Резкие крики стояли над толпой. Рабочие спорили, кричали, ругались. Каталя — симбирские мужики, все богатыри, как на подбор, стеной стояли перед будкой, загораживая проход.
— Выручай, братцы, нынче нас прижали, завтра вас…
— Правильно. Вместе надо действовать.
— Как это вместе? Каталя не рабочие. Волга замерзнет, они все домой уедут. На печке спины греть будут. Их дело особое. Они мужики…
— А ты из мужиков давно ли? Две зимы проработал и уже нос гнешь?
— Правильно, вместе надо. Поддерживай, ребята.
— Забастовку объявить! крикнул чей-то молодой голос в средине толпы, — если дадим наступить себе на ногу, нас заедят. Рабочий за рабочего должен горой стоять. Все мы из одной конуры, все одним миром мазаны. Разве теперь время разбирать, что каталя зимой делают?
Толпа примолкла. Кто это говорит? Маша поднялась на цыпочки, глянула через головы.
— Ой, батюшки! Это ведь Федор Лысяков. Что с ним такое стало?
— К конторе! К конторе!.. — зашумела толпа.
И не через будку, а через ворота всей толпой, шумной, возбужденной пошли к конторе. Шли, поднимая пыль, решительные. Впереди каталя и с ними Федор. Загорелась любопытством Маша и тоже вперед пробралась. Сердце у ней забилось, руки и ноги странно загудели…
Из-за корпусов еще показались рабочие — ночная смена, слились с толпой, пошли вместе.
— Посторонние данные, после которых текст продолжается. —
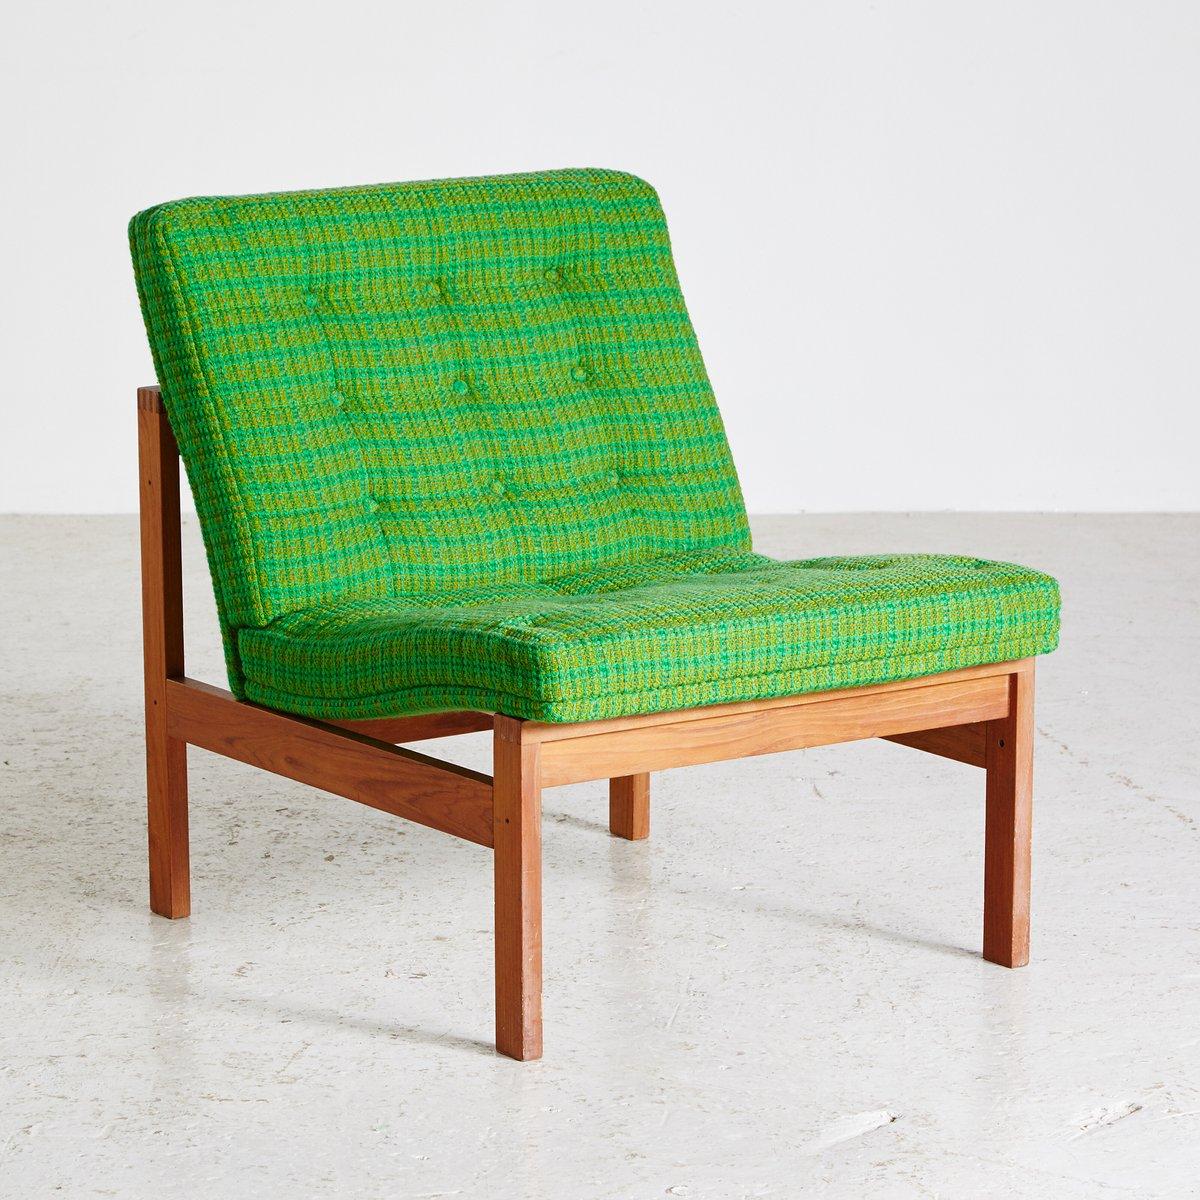 modulares modell 175 sofa beistelltisch von ole gjerl v knudsen torben lind f r france s n. Black Bedroom Furniture Sets. Home Design Ideas

И суровой молчаливой массой подошли к конторе. А там уже их ждали. Коренастый помощник управляющего стоял на крыльце. Черный, как жук, злой. Только толпа сгрудилась, он резко закричал:
— Бунт затеяли? Или забыли прошлое? Сейчас же на места! Табельщики, идите по мастерским и записывайте, кого нет на работе. Потом мы поговорим с теми. А вы, — резко сказал он, обращаясь к толпе, марш на работу.
Повернулся и пошел с крыльца. Табельщики один за другим стали пробираться через толпу, и Павел между ними. Толпа заревела от гнева. Федор решительно сдернул с себя фуражку, замахал ею в воздухе и закричал:
— Стой, братцы, так нельзя. Аль мы собаки, что нами собираются помыкать?
В густом шуме нельзя было разобрать отдельных слов. Видно было, как рабочие выскакивали на крыльцо конторы, махали руками, что-то кричали и снова ныряли в толпу.
— Забастовку! забастовку! — кричали отдельные голоса.
— Э, какая там забастовка. Глядите-ка, вон за табельщиками народ как повалил.
Глянула Маша, — и правда. Пока у крыльца яростно кричали, рабочие гужом потянули к корпусам за табельщиками. Шли и сами себя смущенно оправдывали:
— Нет, не дружный у нас народ…
* * *
Сбавили каталям, оштрафовали Федьку, пригрозили уволить, тем дело и окончилось. Над Федькой смеялись. Кричали ему вслед: ‘Эй, забастовщик!..’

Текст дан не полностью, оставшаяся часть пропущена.